*** Opening DATA EXCERPTS ***

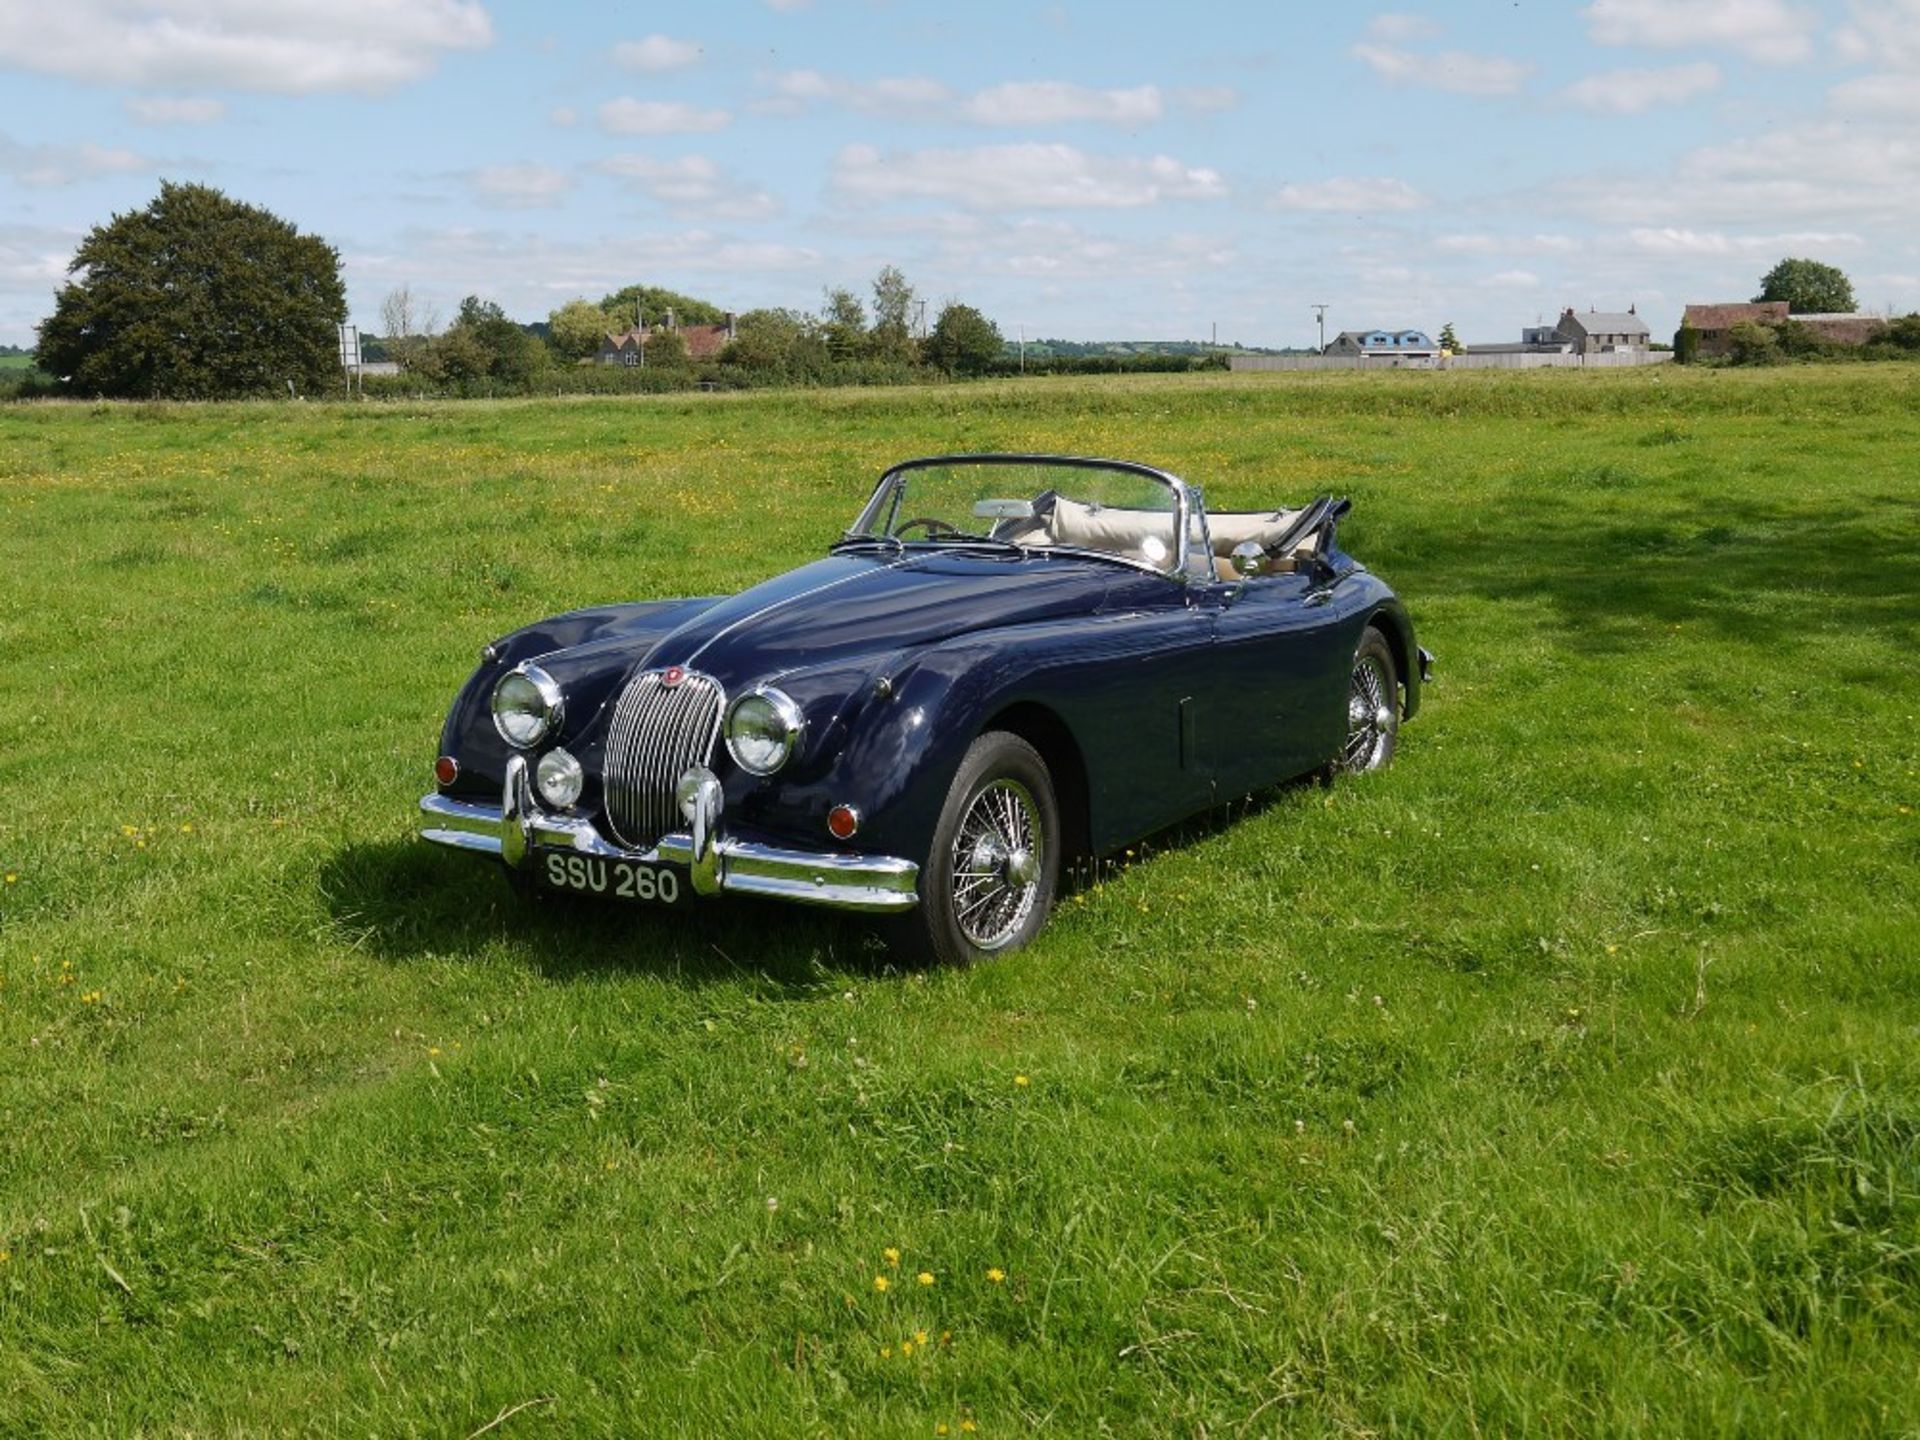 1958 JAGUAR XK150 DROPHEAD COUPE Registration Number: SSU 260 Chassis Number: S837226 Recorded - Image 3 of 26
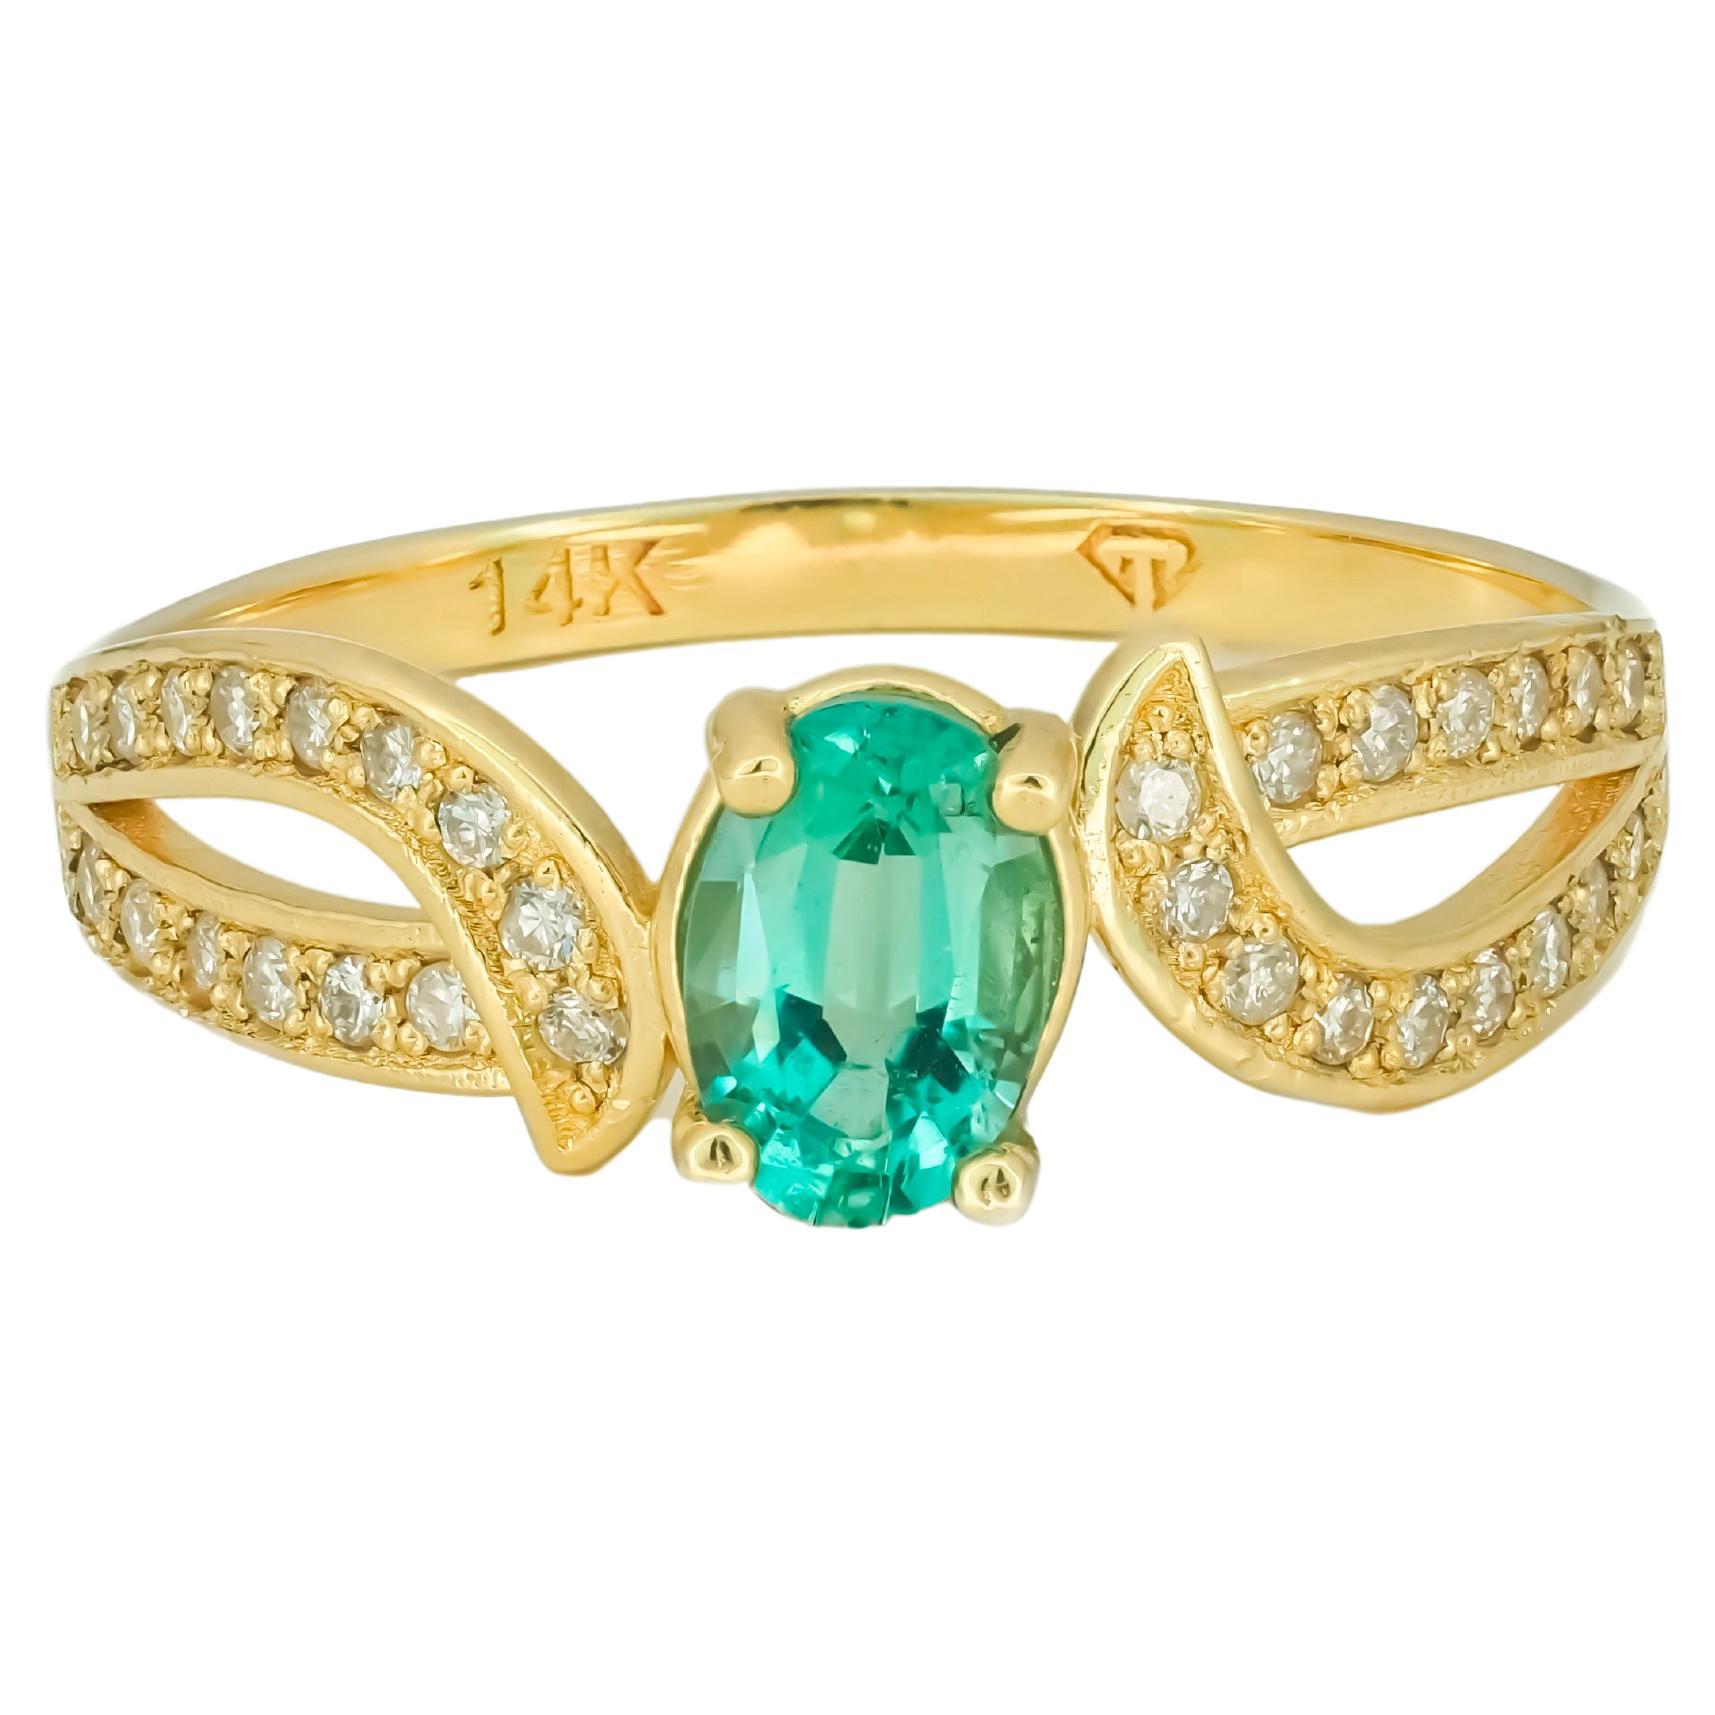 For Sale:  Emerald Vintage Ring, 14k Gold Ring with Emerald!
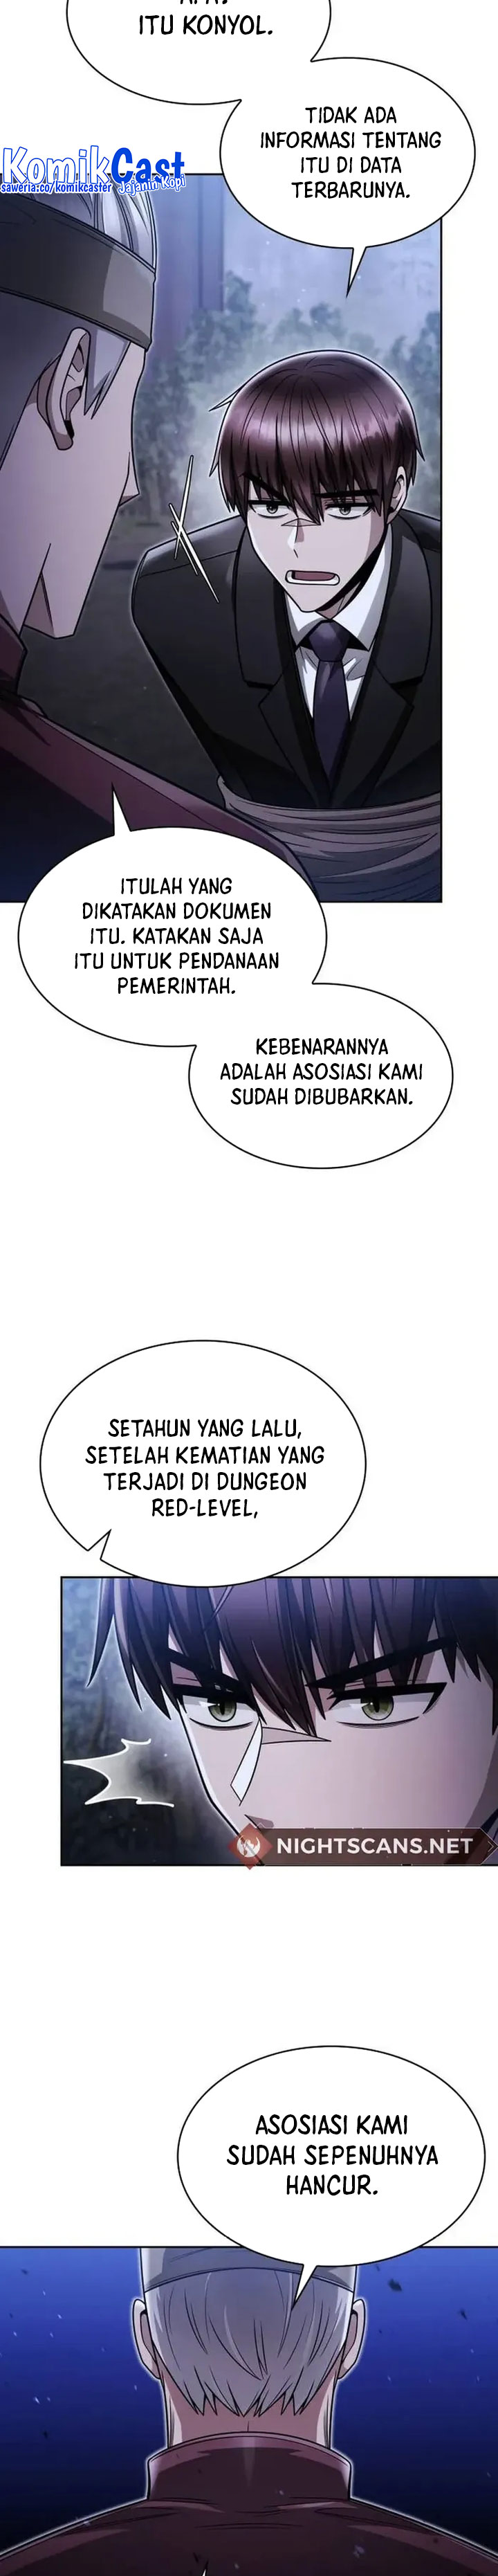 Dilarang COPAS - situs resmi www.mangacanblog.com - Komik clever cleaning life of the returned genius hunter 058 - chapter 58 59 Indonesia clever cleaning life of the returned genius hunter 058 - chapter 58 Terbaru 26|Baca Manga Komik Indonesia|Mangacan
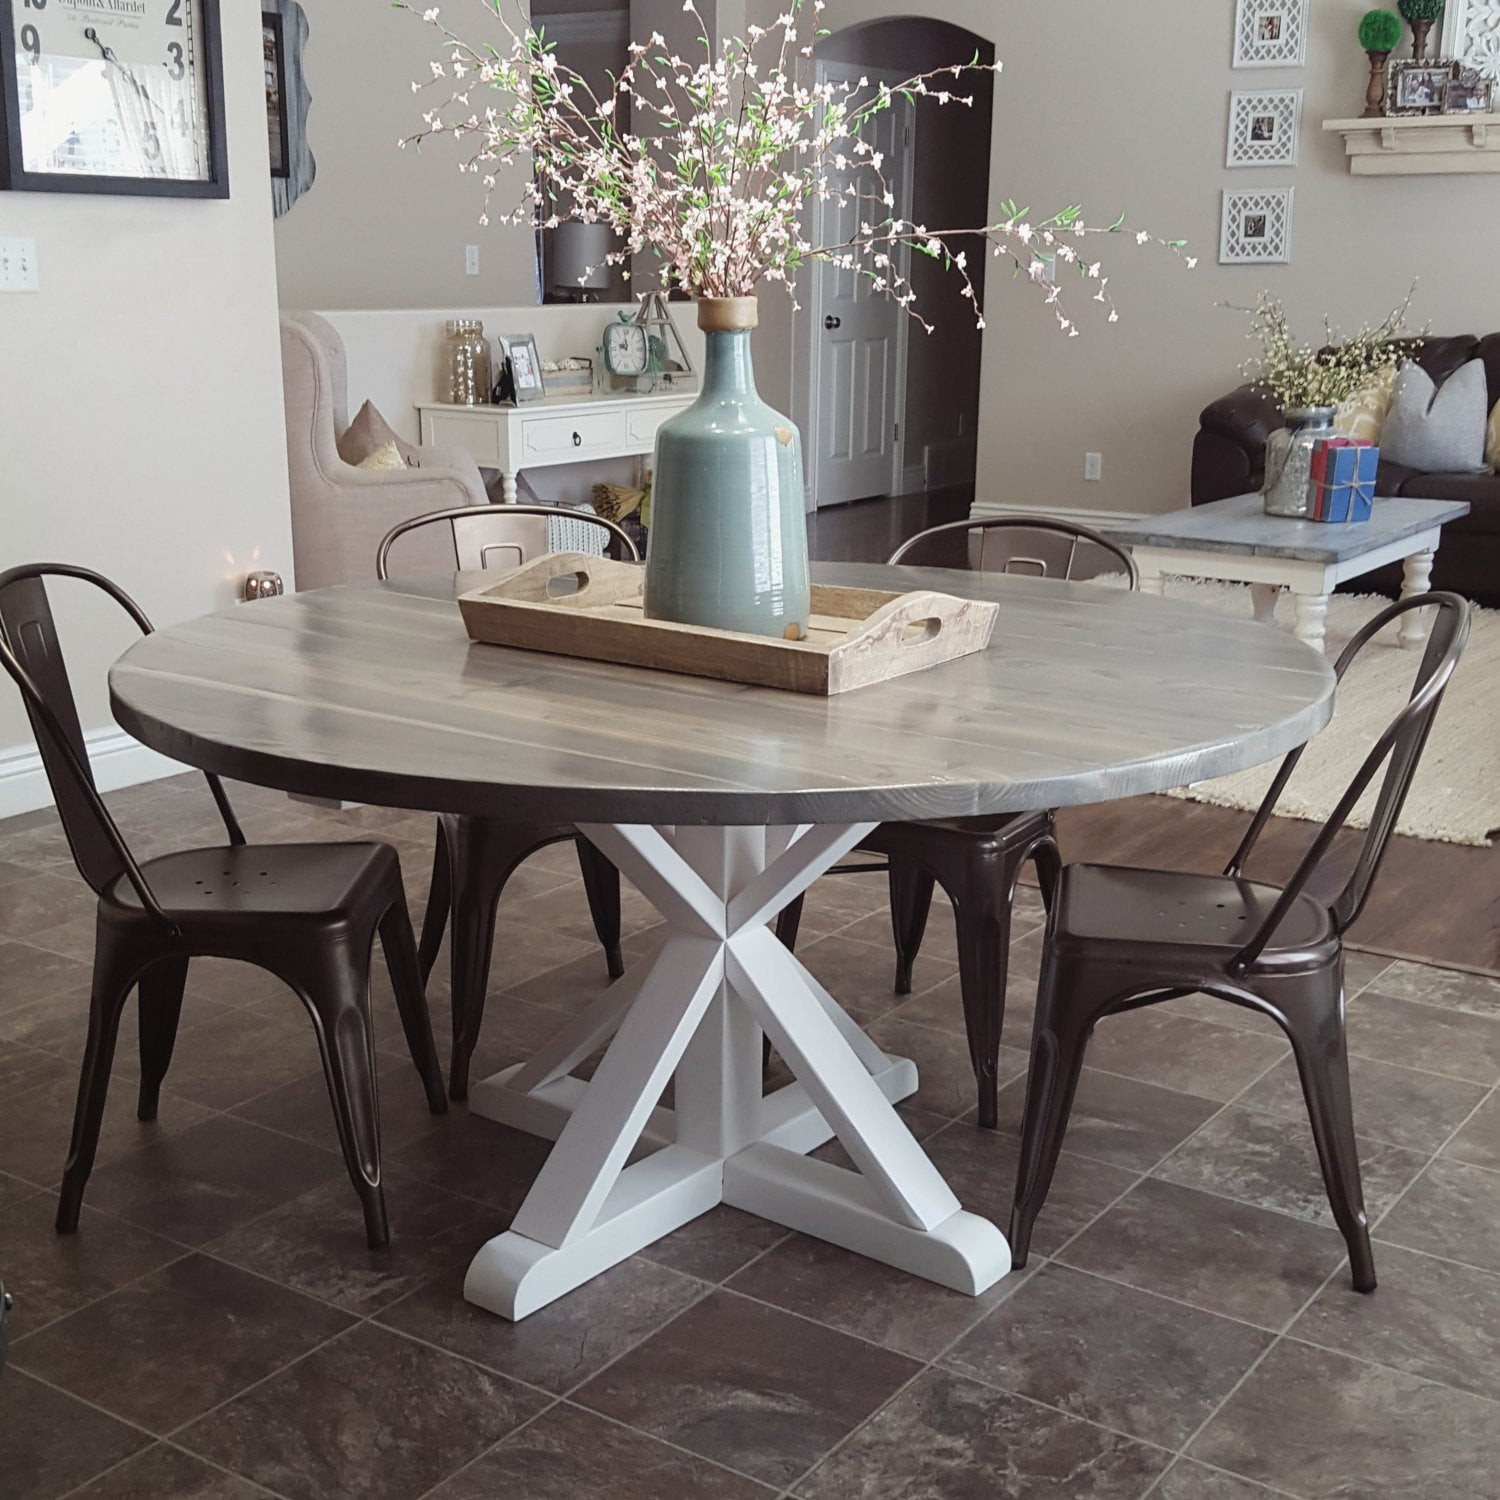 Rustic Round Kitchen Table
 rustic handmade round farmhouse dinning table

*** Closing DATA EXCERPTS ***

HOW TO COMPLETE THIS TASK ▸ Each line above gets copied exactly; leave the pictures out.

FINAL ANSWER ▸
 1958 JAGUAR XK150 DROPHEAD COUPE Registration Number: SSU 260 Chassis Number: S837226 Recorded - Image 3 of 26
 For Sale:  Emerald Vintage Ring, 14k Gold Ring with Emerald!
 Dilarang COPAS - situs resmi www.mangacanblog.com - Komik clever cleaning life of the returned genius hunter 058 - chapter 58 59 Indonesia clever cleaning life of the returned genius hunter 058 - chapter 58 Terbaru 26|Baca Manga Komik Indonesia|Mangacan
 Rustic Round Kitchen Table
 rustic handmade round farmhouse dinning table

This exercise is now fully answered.